I stared at her in shock. Hadn’t she said that already? An hour ago, at least. I shifted forward in my chair and—when did I sit down?

Delilah was supposed to say something next, but she was facing toward the door, her body tense like she was ready to bolt. After a few seconds, her shoulders eased. She glanced at Wilde and mouthed something I couldn’t decipher.

The silence stretched on for a beat too long when Delilah missed her line.

“You’re right,” Fitz said, which was wrong. “The family tree is muddled enough. A quest is our best way forward.”

Maximus glowered and twisted something in his fists. I caught a glimpse of metal but didn’t understand the shape of it.

I settled back in my chair, observing the scene carefully. Something had happened, but I couldn’t tell what. At least I’m not back in my bedroom. I tried to remember what I’d been doing before everything started to repeat, but the same fog obscured those moments.

“What kind of quest should we go on?” Delilah asked. It felt like she had stolen someone else’s line to make up for missing her own.

“We have to defeat a Great and Terrible evil.” I’d spoken out of habit, but as soon as I said the words, I realized I might have found the solution for our problems. What was more ‘great and terrible’ than messing with someone’s head?

Making them live the same things over and over again?

It wasn’t torture, yet, but that didn’t mean it wouldn’t be eventually.

After months, after years, after a lifetime of never seeing what came next.

“But the Desolated Lands don’t have any great and terrible evils,” Angelica said. “That is the point of the Kingdom Defense Spell and the reason we’re here!”

Are you sure? I relaxed back into my chair, thinking through the problem. How did you hunt prey that made you forget it existed?

“You’ll have to travel outside of the Desolated Lands.”

It’d been so long since he’d spoken, I’d almost forgotten the soft, measured sound of Wilde’s voice. I stared at him, trying to read his expression. He gazed placidly at a completely uninteresting point somewhere vaguely in the middle of the room.

The others quieted, retreating to their own minds to consider his words.

Fitz shifted nervously in his seat, like he wanted to protest but didn’t want anyone to know he was scared.

Maximus glared at Wilde, like he hated him for being the one to suggest something we all knew was inevitable.

Delilah nodded encouragingly at Wilde, waving for him to continue, but he stayed silent.

Angelica broke the silence. “Where should we go?”

With a question to answer, Fitz leapt from his seat and started gathering up the books scattered about the room.

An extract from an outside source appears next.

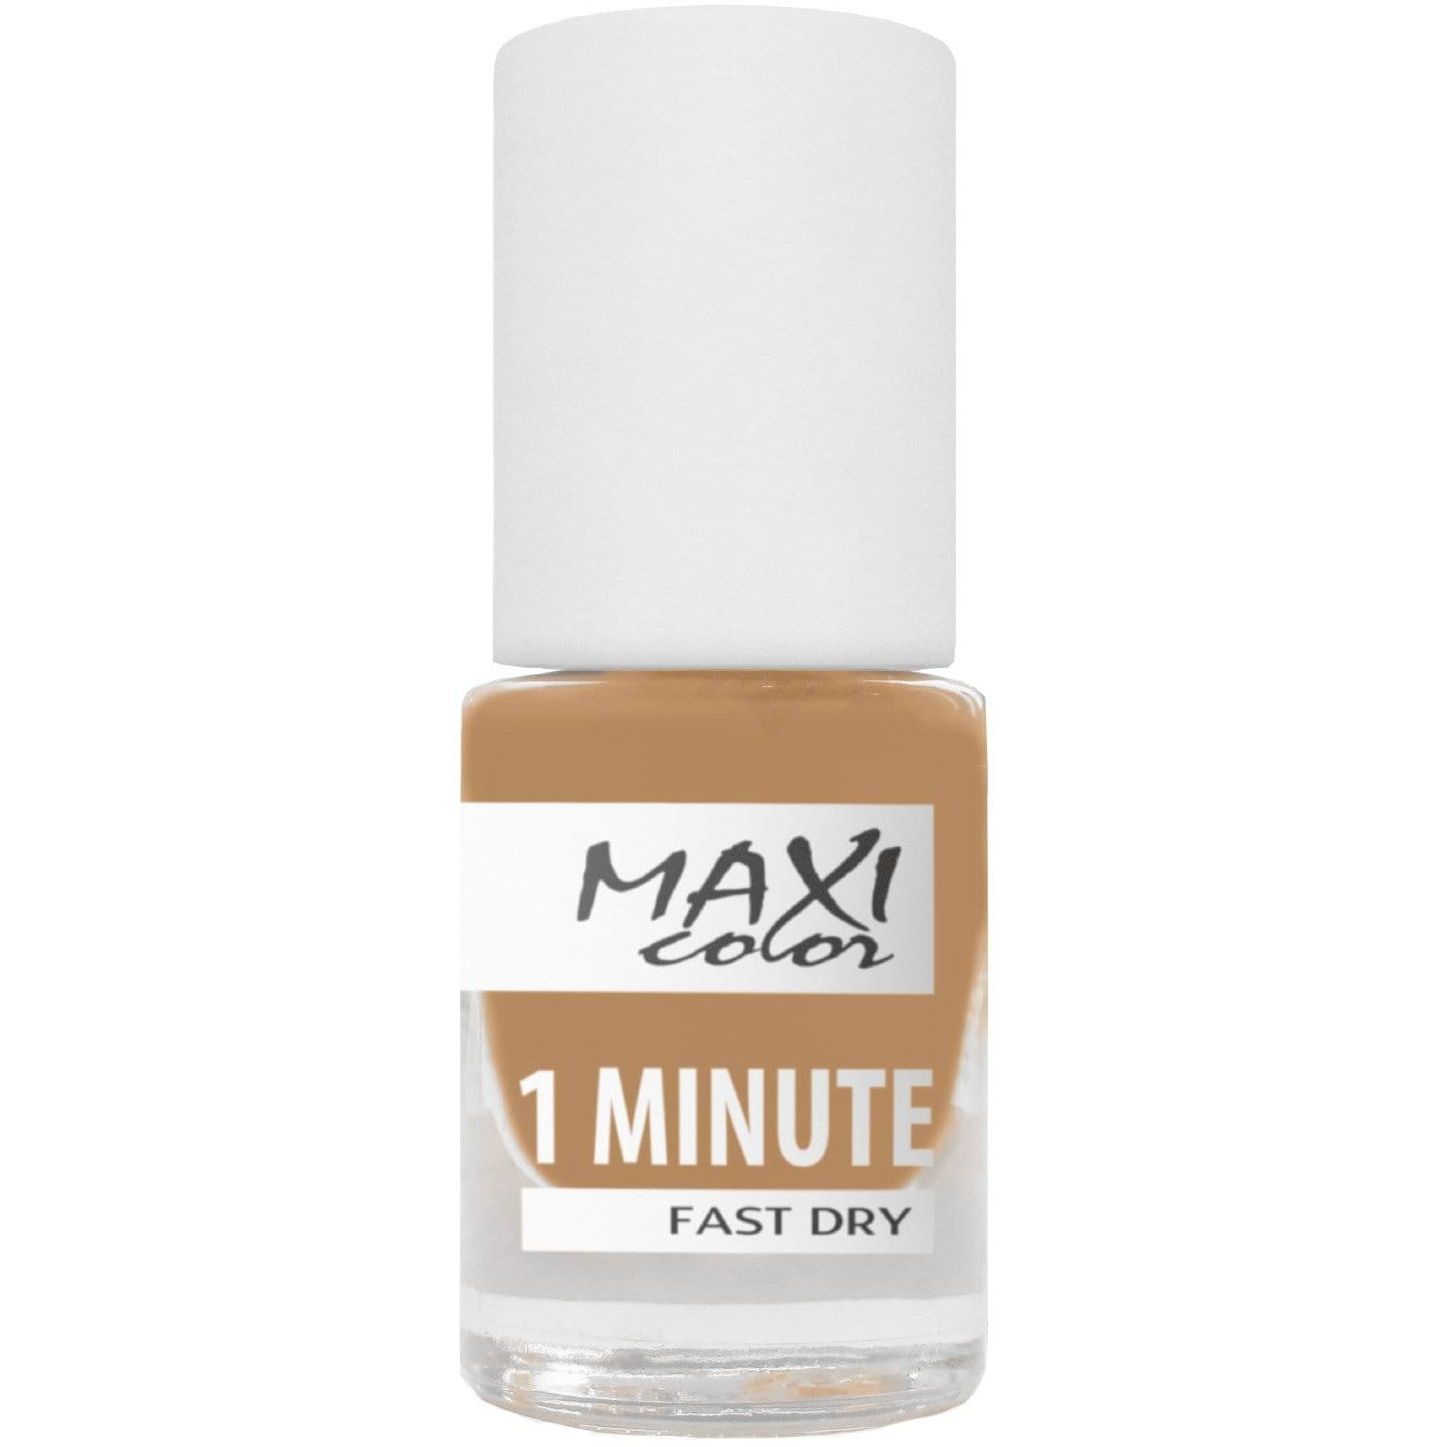 Лак для нігтів Maxi Color 1 Minute Fast Dry відтінок 029, 6 мл - фото 1
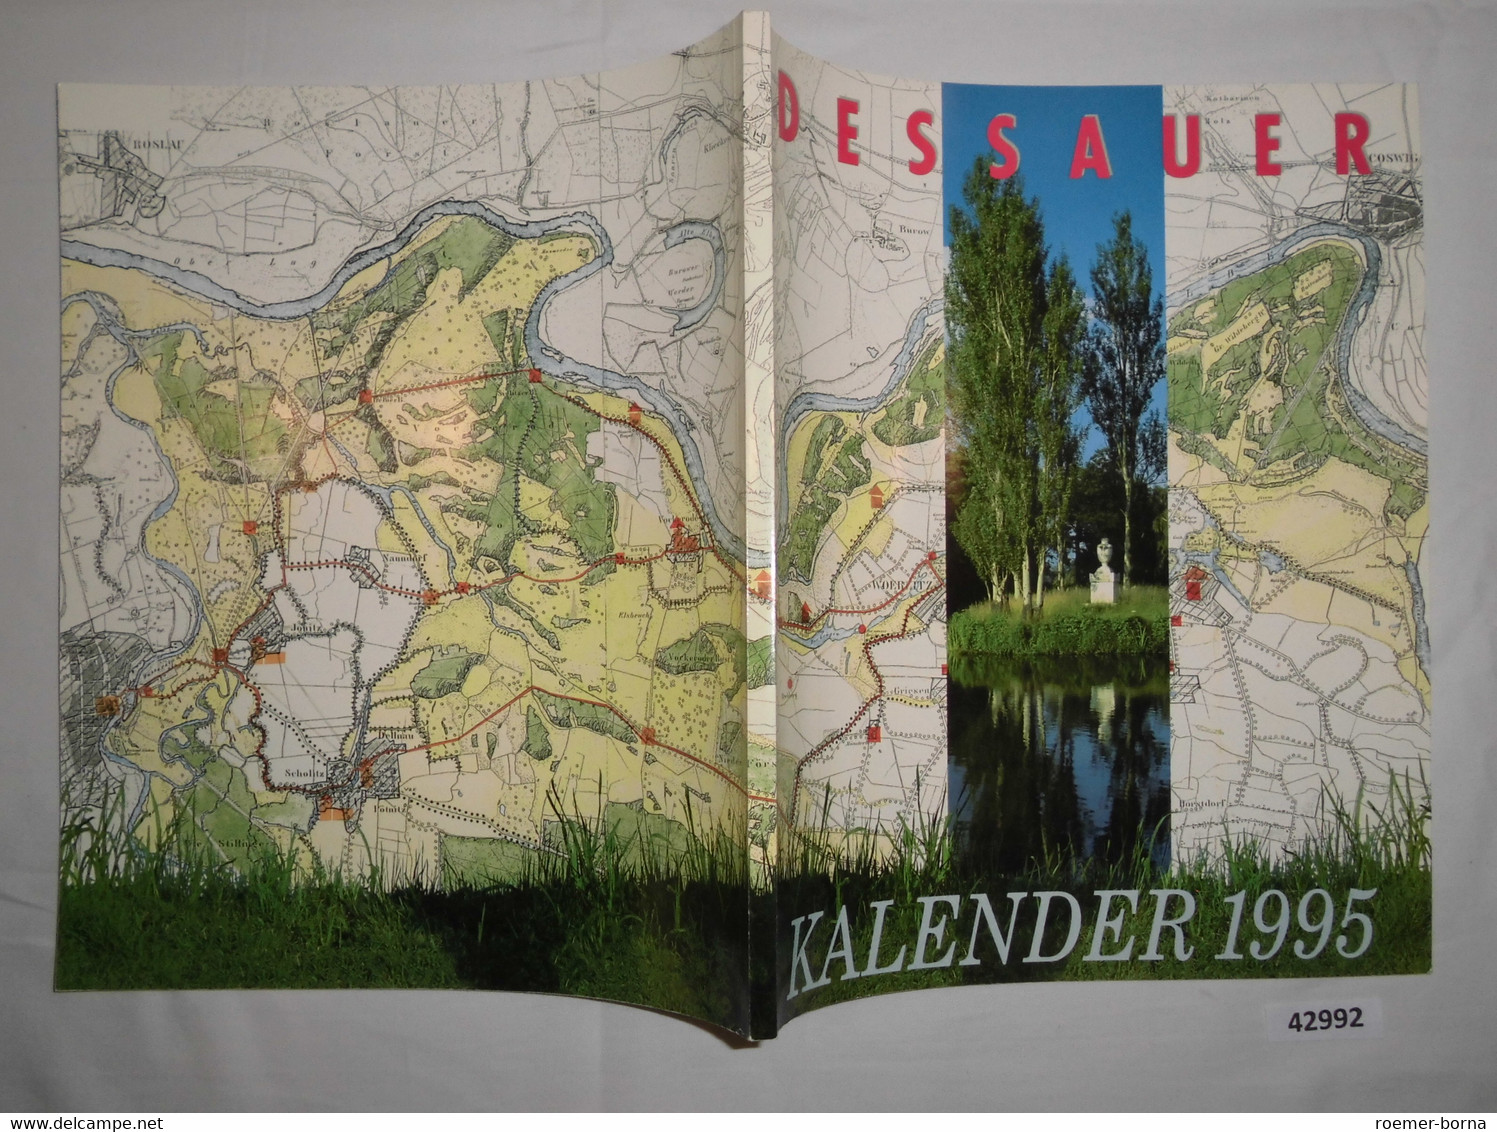 Dessauer Kalender 1995 (39. Jahrgang) - Calendriers

“I’ve been doing a lot of research lately, collecting every pamphlet and book on quests I could find.

” He paused, brow furrowing as if he’d said something wrong.

After a moment, he shook his head and plowed on, “I bet we can find something useful in here. A monster to slay, an evil mage to defeat—”

“A curse to break,” Delilah and I said at the same time.

She whipped her head around to look at me, brown eyes wide. “How did you …”

Know what you were going to say? It’d been a coincidence this time, a line in neither of our scripts. The fact she’d also immediately thought of a curse solidified my suspicions.

Someone had cursed us, and I needed to find out who.